Читаем Жак Лакан: введение полностью

Еще большая парадоксальность фантазии заключается в том, что это не просто нечто ригидное и часто повторяемое, но каждый субъект еще и организован вокруг какой-то одной фантазии. Эту одну структурирующую фантазию Лакан называл фундаментальной. Фундаментальная фантазия субъекта ригидна, вокруг нее выстроено его желание, она структурирует его желание, структурирует его взаимодействие с Другим, с желанием Другого. Фундаментальная фантазия определяет то базовое положение, в котором субъект находится в отношении Другого.

Если говорить о лакановский терапии, то один из важных ее элементов заключается в выявлении фундаментальной фантазии субъекта. В определении того, как субъект себя ставит в отношении Другого, как он/она ставит себя в отношении желания/требования/наслаждения Другого и, соответственно, как он с этим желанием/требованием/наслаждением взаимодействует. Он фрустрирует желание Другого, он отрицает это желание и т. д. После выявления эта фундаментальная фантазия может быть изменена – формат отношений субъекта с Другим может быть перестроен. В лакановском подходе этот момент называется «перейти через» или «перейти за» фантазию (фантазм). Формулы конкретных фундаментальных фантазий могут быть разными. У обсессивной структуры она одна, у истерической – вторая, у первертной – третья[108] и т. д.

Идея фундаментальной фантазии и ее преодоления, выхода за ее пределы связана с концепцией разных метафор субъекта. На рисунке 44 видны основные метафоры субъективности.

Метафора, напоминаю, это про вытеснение одного другим. В рамках начальной метафоры (слева) субъект имеет дело с требованием другого. Другой что-то от него/нее хочет, что-то конкретное, и субъект как бы вытеснен, отодвинут на задний план этим требованием Другого. Он воспринимает себя как того, кто должен это требование Другого исполнить, дать этому Другому что-то такое, что Другой от него хочет. Или, наоборот, не дать ему этого, фрустрировать его.


Рисунок 44. Основные метафоры субъекта[109]

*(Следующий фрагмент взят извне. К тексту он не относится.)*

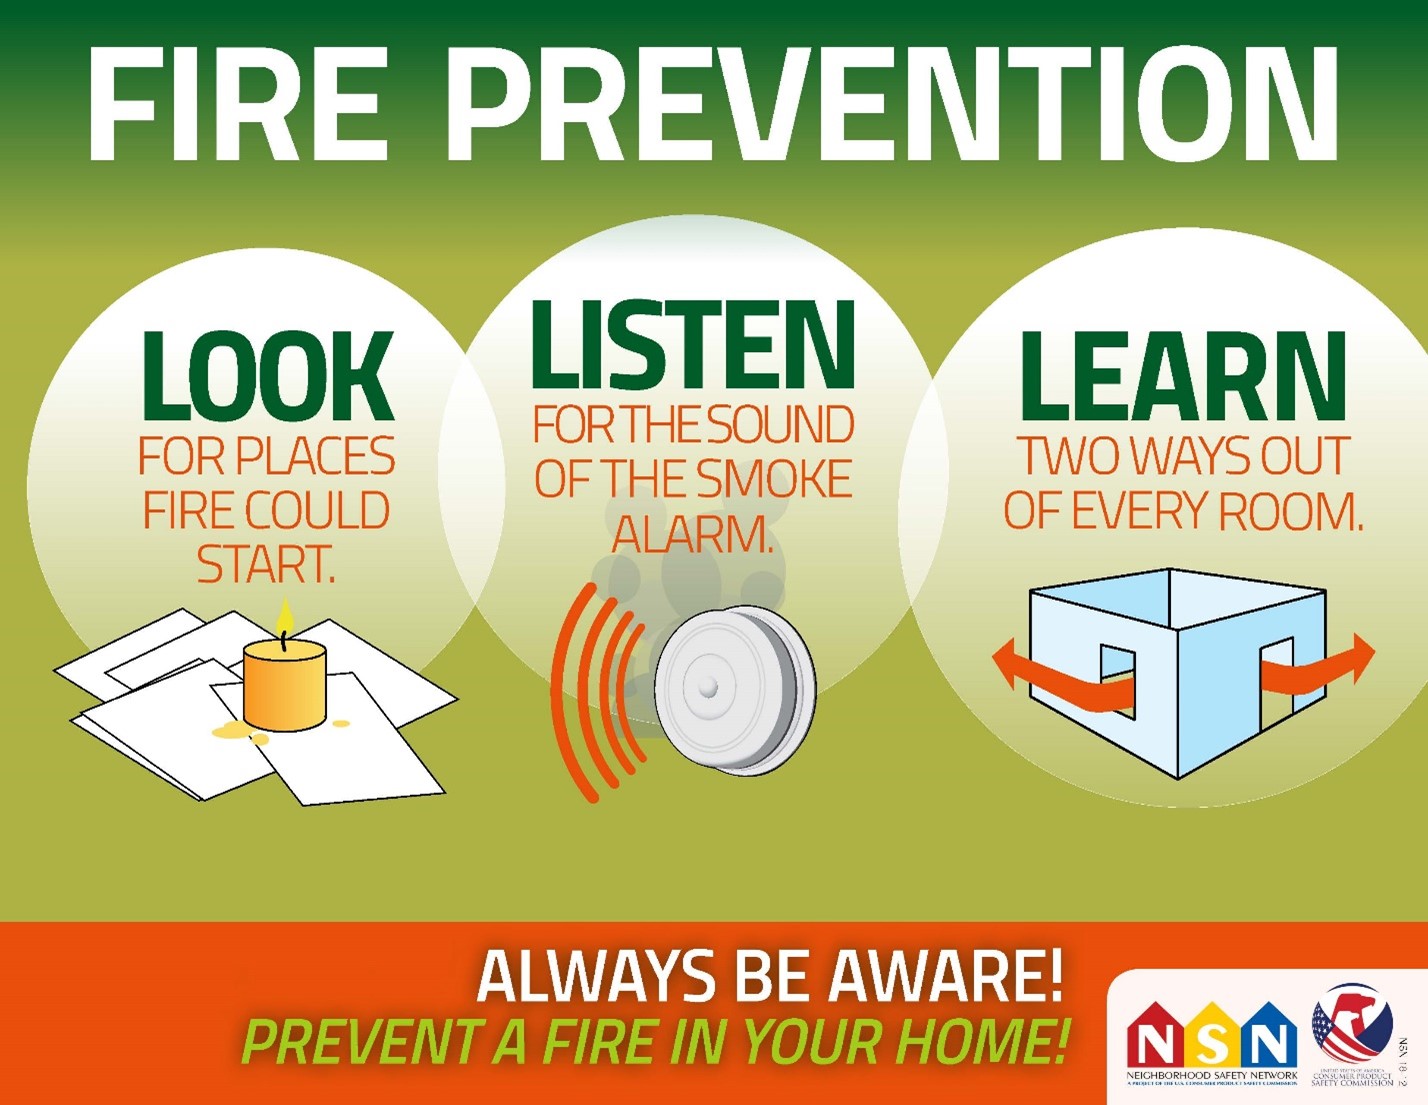 Prevent a fire in your home

В рамках следующей субъективной метафоры субъект сталкивается с желанием Другого. Вместо требования Другого он имеет дело с желанием Другого. Напомню, что желание отличается от требования тем, что требование конкретно – Другой хочет от субъекта чего-то конкретного, а желание, наоборот, – это что-то загадочное, что-то под вопросом. Здесь субъект оказывается перед загадкой желания Другого. Что этот Другой хочет? В рамках этой метафоры субъект оттеснен на задний план желанием Другого. Собственные влечения субъекта вытеснены, подчинены логике желания Другого. Субъект в рамках этой метафоры пытается угадать, что же Другому нужно – например, в рамках терапии. Он/она как бы уверен, что знает, что аналитик от него/нее что-то хочет, что он должен что-то дать аналитику, чтобы тот был доволен. Но он не понимает до конца, что же это такое.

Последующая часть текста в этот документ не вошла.